# some of my stuff



## Stickcraft (Sep 12, 2017)

Here's some pictures of my work for those that are not familiar with it. I have been a wood carver for around 30 years as a hobby and makng sticks for a couple of years. i made my first stick for my brother who was very ill at the time, he's sadly no loger with us but it stayed with me and I kept making them and improving on the craft. I mainy do dog toppers on a commission basis but will have a go at anything that interests me.

I have made quite a few for customers in the USA but carriage is costly.

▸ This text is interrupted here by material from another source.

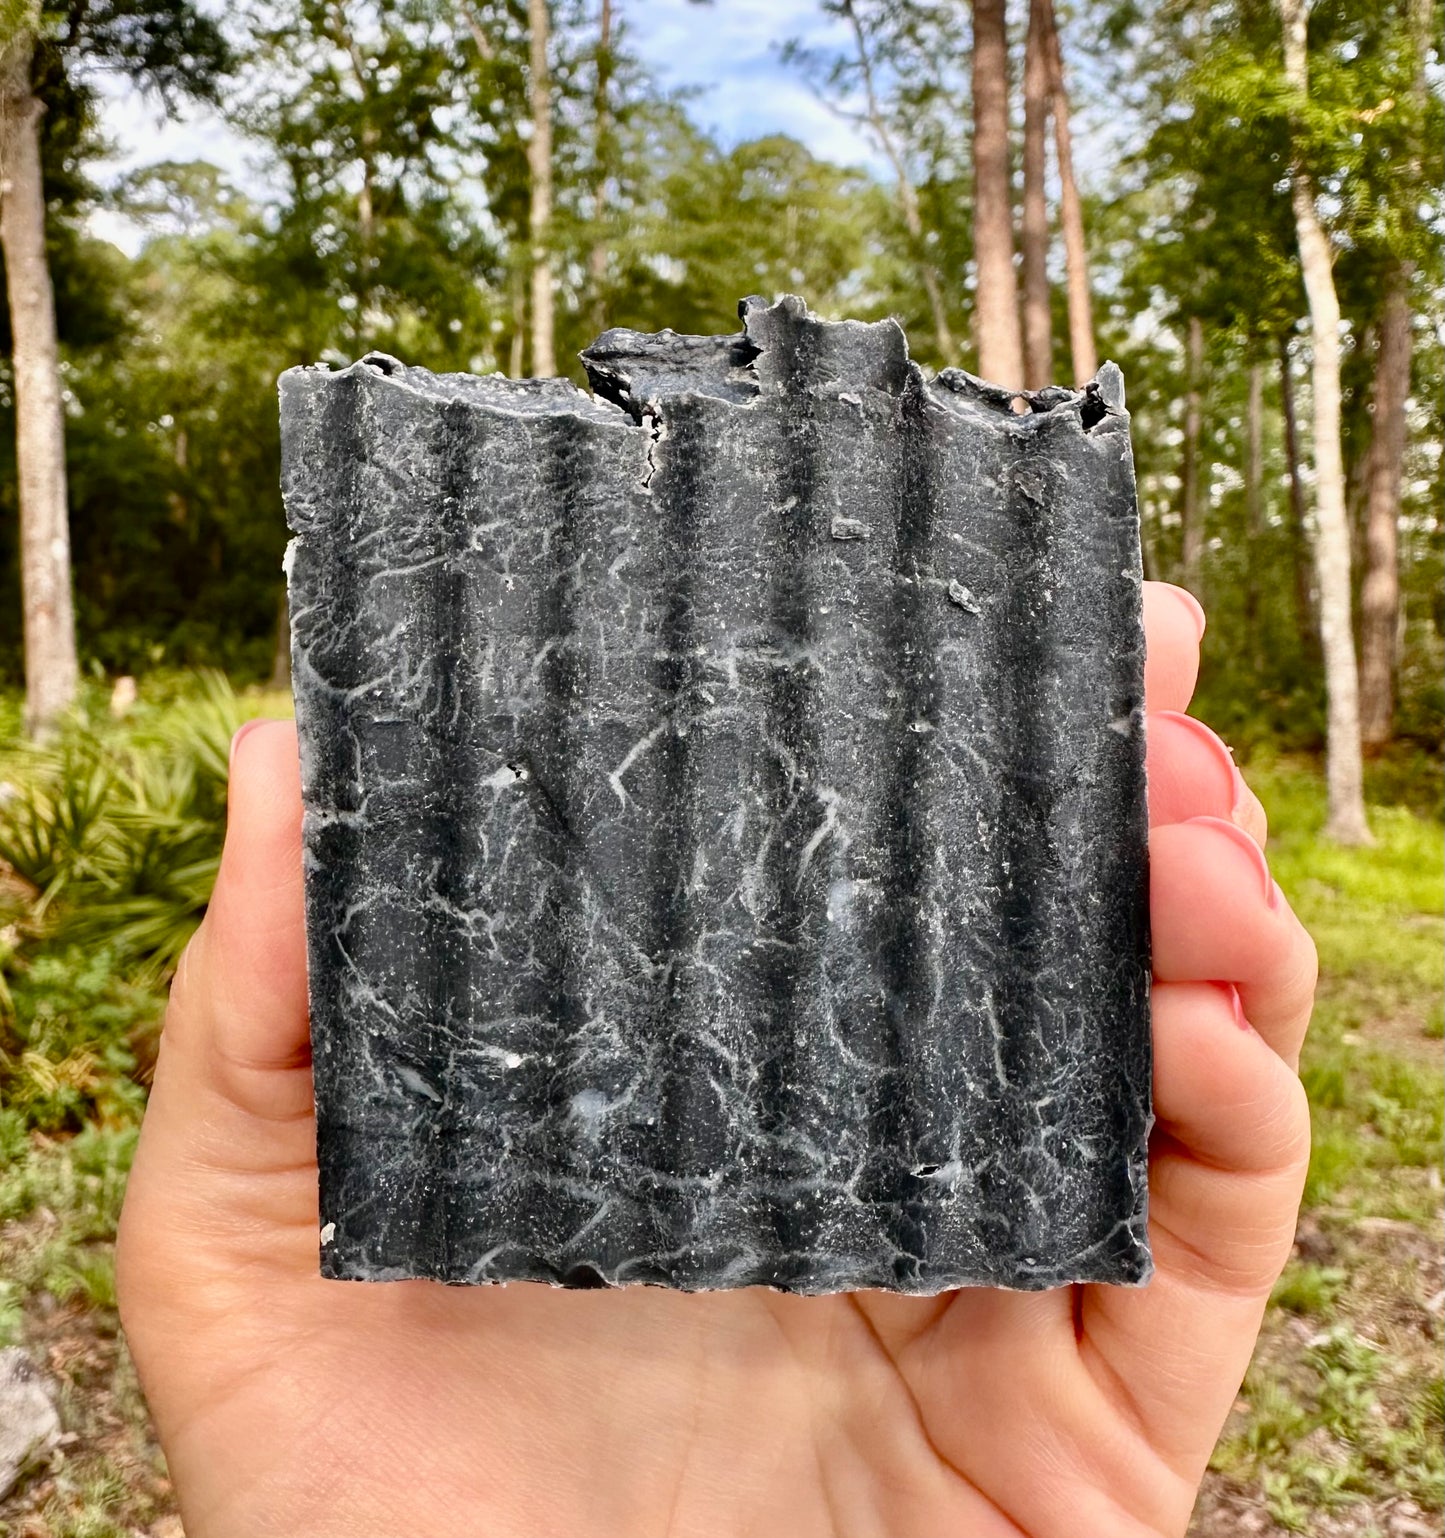 Activated Charcoal + Tea Tree

not sure why the pictures are sideways!


----------



## dww2 (Feb 4, 2017)

Some very fine work there. When you have a moment, you should check out one of the older threads called Interchangeable Toppers started by Cobalt. It's about 8 topics down on the Homemade Walking Stick page. As a topper carver, you might find it interesting.


----------



## Rodney (Jun 12, 2015)

I like that thumbstick with the built in whistle. Is the brass a kit you can buy or did you make it?

Rodney


----------



## Stickcraft (Sep 12, 2017)

Thanks, I'll check out the interchangeable tops. The brass tipped thumb stick was home made but the whistle was bought in. It's a two piece stick with a screw joint and brass ferrul on the tip. The shank is fumed Chestnut.


----------



## Rodney (Jun 12, 2015)

Thank you. It's a sharp looking stick.

Rodney


----------



## walkingthedog (Jun 17, 2017)

Some nicely made sticks thanks for sharing.


----------



## RandyL476 (Aug 24, 2014)

That's some very good work.


----------



## Gloops (Jan 23, 2015)

Stickcraft said:


> Here's some pictures of my work for those that are not familiar with it. I have been a wood carver for around 30 years as a hobby and makng sticks for a couple of years. i made my first stick for my brother who was very ill at the time, he's sadly no loger with us but it stayed with me and I kept making them and improving on the craft. I mainy do dog toppers on a commission basis but will have a go at anything that interests me.
> 
> I have made quite a few for customers in the USA but carriage is costly.
> 
> ...


If I have this prob (can be seen when adding to post prior to posting) I delete go back to my source pic and rotate it, then reload. oh and great work with the toppers.


----------



## Stickcraft (Sep 12, 2017)

Yes I realise I can do thast but the photos are the correct way up on my PC but go sideways when loaded on to the forum page, could it be the size of the picture?


----------